Marketing is more complex than ever before. But Rajeev Batra, the Sebastian S. Kresge Professor of Marketing and Director of Yaffe Center for Persuasive Communication at the University of Michigan, Ross School of Business, tells Prasad Sangameshwaran that the old adage, look before you leap, still holds true.

Everyone magnifies

We are seeing a hypersensitivity to the danger of offending somebody. We have millions and millions of customers out there. Given the new media and the transparency of new media and so on, people will talk all the time. Everybody will not be happy. Something you do might offend somebody and that will lead to sparks. Unless you do something egregious and terrible and it blows up massively, I think companies just need to take a deep breath and not worry too much. It’s not as if people did not say bad things about the brand before. Before social media, there was word of mouth. If people did not like a brand, they told their friends. That still happens, except that this time it gets magnified. You can track it somehow through sentiment measures, twitter commentary and things like that.

I think some companies are over-reacting and over-investing. They don’t need to do that. Having said that, there is certainly more scrutiny by consumers. What you could get away with in the past, you cannot get away with today. So companies have to be more conscious of what they do, because somebody is going to find out.

Everyone chases efficiency

Efficiency has been an age-old question with the marketing profession. But in new media and social, people do not know what the right metrics are. Many are still experimenting. I think gradually people are getting away from what I call the ‘vanity metrics’ and getting more hard-nosed. That’s a good thing. More than ever before, marketers at all levels, including CMOs, need to become more comfortable with data. The days are gone when you could do back of the envelope calculations and judgement and trust the agencies and surveys and make decisions. That age of innocence is gone. Because if every marketer is striving for efficiency, how can you not be comfortable with numbers? That being said, the numbers just give you indication of cost per click, cost per thousand and so on. But you still need judgement of what is the right metrics. You need to go beyond efficiency to effectiveness. You cannot drown in numbers. You need to be sure of what is the right number we need to use. That still requires old-fashioned judgement. People who are too close to the data sometimes lose track of it.

There is a lot of buzz these days about real time marketing. When adversity strikes another business, it could be an opportunity for you to use your brand in a positive way. Companies jump on to this. But there is a danger there. You have to be genuine.
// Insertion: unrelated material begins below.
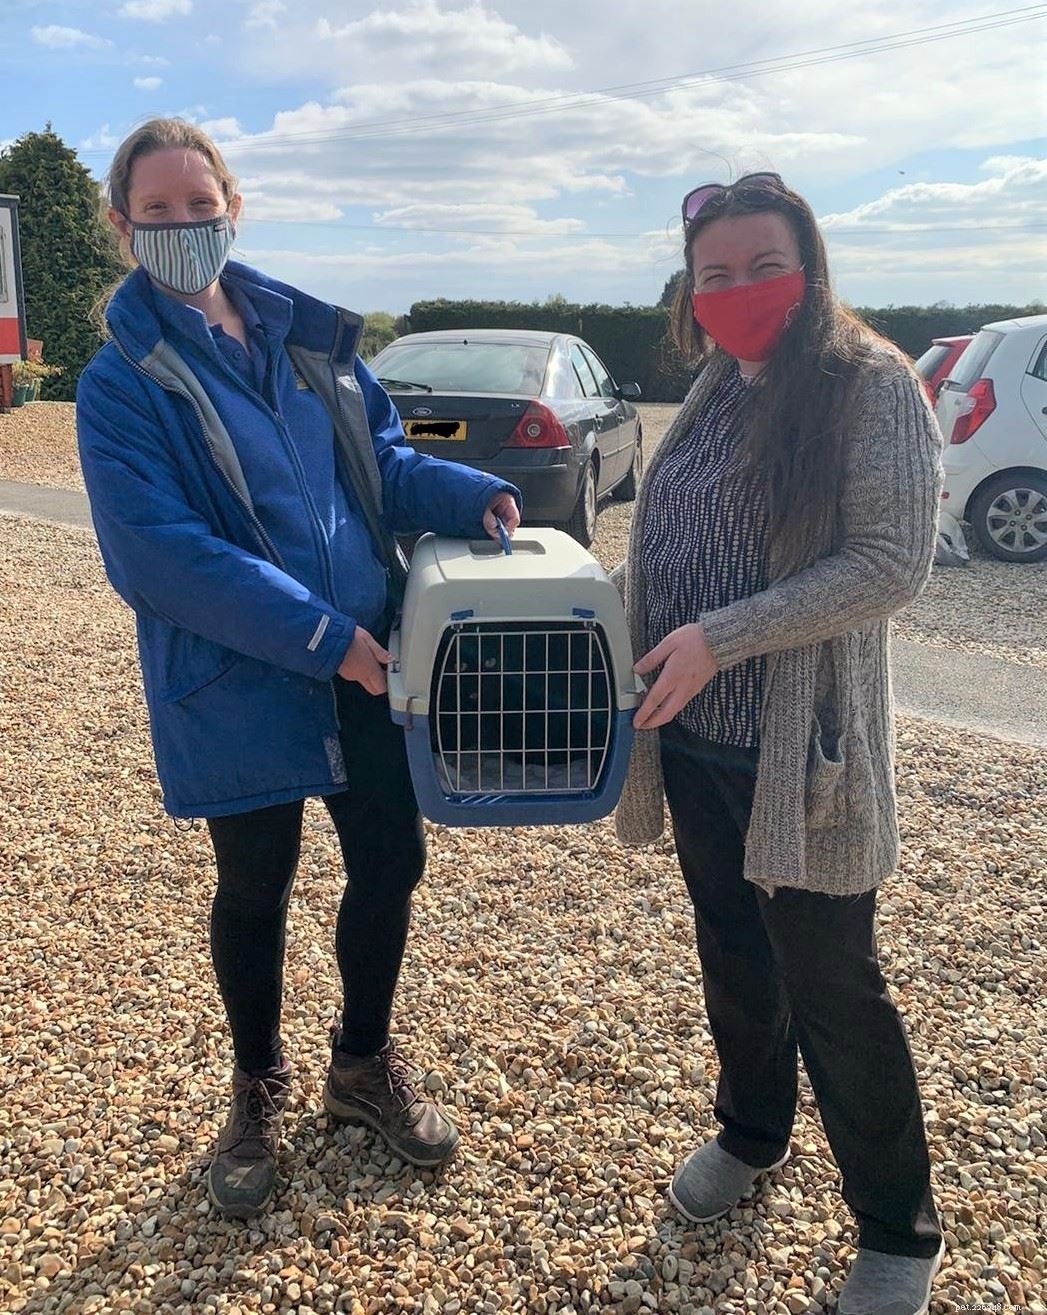 Gemma Barbieri était en larmes d incrédulité après avoir retrouvé son chat Rose grâce à Cats Protection scannant sa puce électronique

You cannot be seen to be taking advantage of someone else’s misfortune. There have been many cases when companies had to take a lot of flak and push back when it became apparent to the world that this is just clever marketing but not genuine empathy for someone else. There was Kraft which had a product in America called Macaroni and Cheese. I do not remember the exact thing. But they shipped truckloads of Mac and Cheese to somebody, but the amount of money they spent in publicising what they were doing was more than the value of food that they were giving away, which is clearly a case that it was done for marketing reasons and not for genuine reasons. There was a lot of negative sentiments generated by that.

Everyone is anxious

We all know that the pace of change has picked up. So all products and business models are in danger than before. Consumer lifestyles are changing. Expectations are changing more rapidly than ever before. Companies are more concerned about the uncertain future and the pace of change. Innovation is being pushed. But companies are also concerned about predicting the future. The first question is about how the market demand changes, how the nature of the customer will change. In automobiles, the premise that all households will buy multiple cars is changing. Car-sharing is growing as a model in the West. Young customers are not buying cars because their parents used to buy cars at a certain age. There is also a technology change in that industry from diesel and petrol to electric and hybrid. That’s one sector where it’s hard to predict how things will shape up 10 years from now. Technology and telecommunications, we all know how things are changing.

Everyone imitates

The main thing to avoid is being swept away by trying to mimic what others are doing. We certainly see that in how everybody uses new media. That’s the best example where everybody copies everybody else because there is this fear of being left behind. I am not saying you do not need to follow competition or consumer trends. Yes, you need to know what they are doing. But think a little. We just need to be critical and not jump into something.

Boards need to be a lot more patient with their CMOs because, otherwise, you are encouraging the use of many short-term metrics. That’s not a good solution. Think through the needs of the business and the brand. Make sure you have put the right metrics and objectives in place. That will take time. Once you have that, then you can assign the appropriate time frame to each of your objectives. If you put pressure of quick returns, then you will have short-term tactics that have vanity value but no long-term meaningful business building strategies.